FOF-X: Towards Real-time Detailed Human Reconstruction from a Single Image
Qiao Feng, Yuanwang Yang, Yebin Liu, Yu-Kun Lai, Jingyu Yang, Kun Li
TL;DR
This work tackles real-time monocular 3D human reconstruction by introducing Fourier Occupancy Field (FOF), which represents the 3D occupancy $F: [-1,1]^3 \to \{0,0.5,1\}$ as a 2D coefficient field via a truncated basis along the $z$-axis, enabling efficient CNN processing. To improve robustness and avoid Gibbs artifacts, FOF-X adopts a cosine-series formulation, leverages dual-sided normal maps and an SMPL prior, and incorporates robust inter-conversion between FOF and meshes using an automaton-based discontinuity matcher and a Laplacian coordinate constraint.
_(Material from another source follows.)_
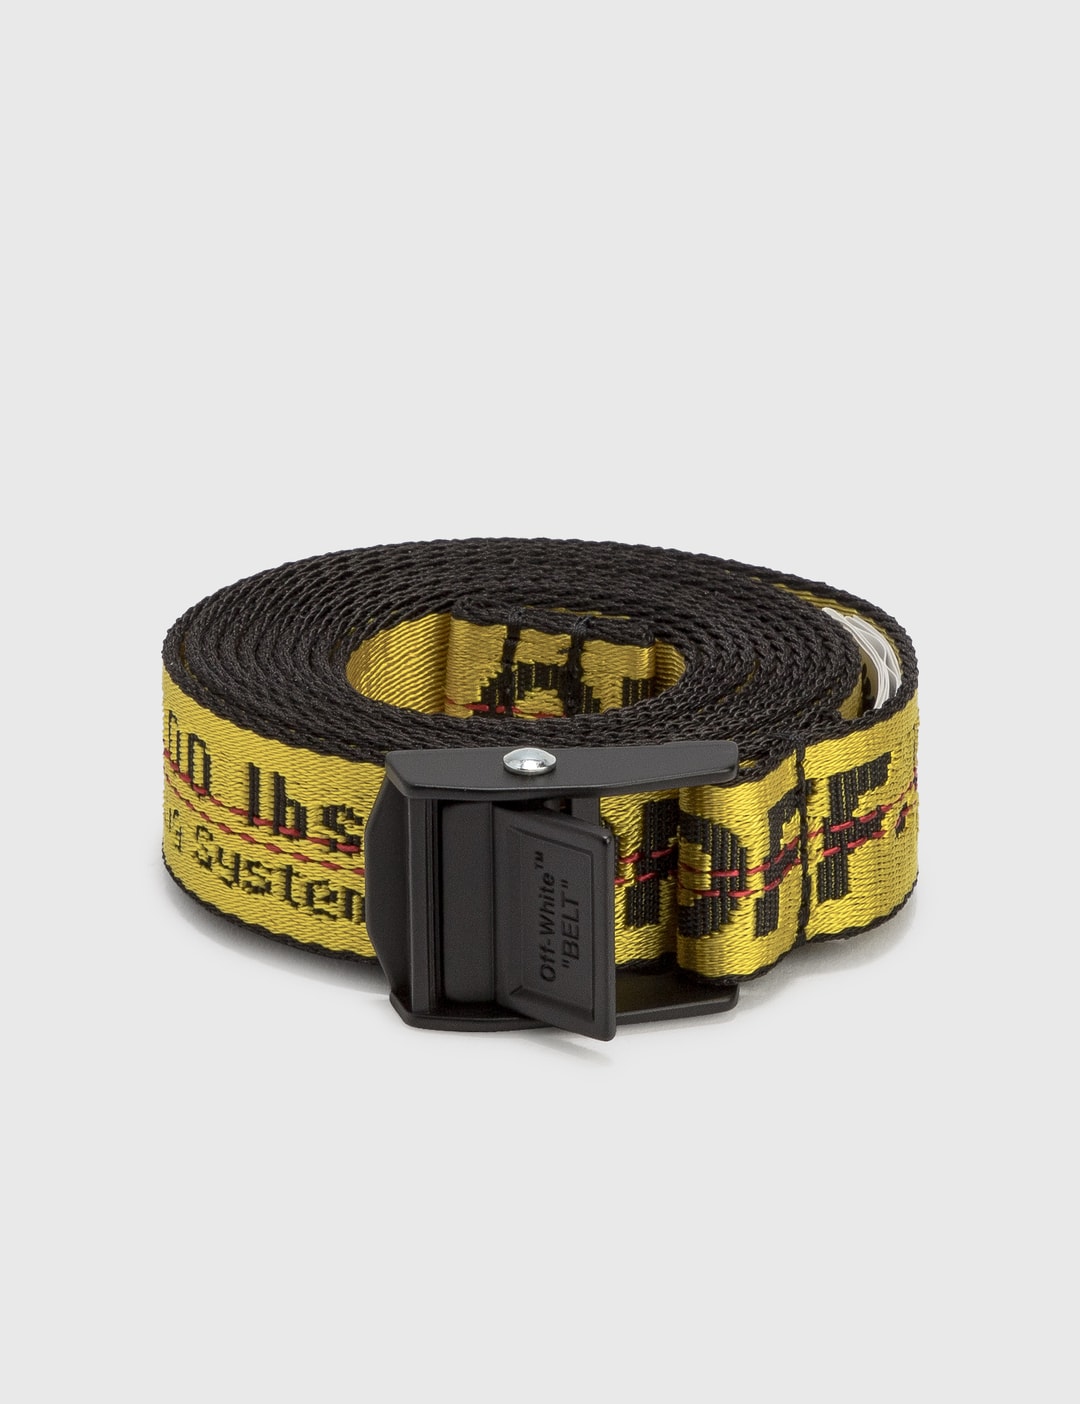 Fashion by | Lifestyle and Globally Industrial Off-White™ HBX Hypebeast Mini - Curated Belt -

The proposed pipeline delivers real-time performance (over 30 FPS, e.g., about $0.02$ s per frame on capable GPUs) and state-of-the-art accuracy on THuman2.1, CAPE, and CustomHumans, while remaining compatible with traditional mesh pipelines. This framework effectively bridges 2D image processing and 3D geometry, offering a scalable, cross-domain representation that supports robust, high-fidelity reconstruction from a single image. Future work includes extending the approach to perspective-camera setups, handling very thin structures, and exploring broader scene-level representations.
Abstract
We introduce FOF-X for real-time reconstruction of detailed human geometry from a single image. Balancing real-time speed against high-quality results is a persistent challenge, mainly due to the high computational demands of existing 3D representations. To address this, we propose Fourier Occupancy Field (FOF), an efficient 3D representation by learning the Fourier series. The core of FOF is to factorize a 3D occupancy field into a 2D vector field, retaining topology and spatial relationships within the 3D domain while facilitating compatibility with 2D convolutional neural networks. Such a representation bridges the gap between 3D and 2D domains, enabling the integration of human parametric models as priors and enhancing the reconstruction robustness. Based on FOF, we design a new reconstruction framework, FOF-X, to avoid the performance degradation caused by texture and lighting. This enables our real-time reconstruction system to better handle the domain gap between training images and real images. Additionally, in FOF-X, we enhance the inter-conversion algorithms between FOF and mesh representations with a Laplacian constraint and an automaton-based discontinuity matcher, improving both quality and robustness. We validate the strengths of our approach on different datasets and real-captured data, where FOF-X achieves new state-of-the-art results. The code has already been released for research purposes at https://cic.tju.edu.cn/faculty/likun/projects/FOFX/index.html.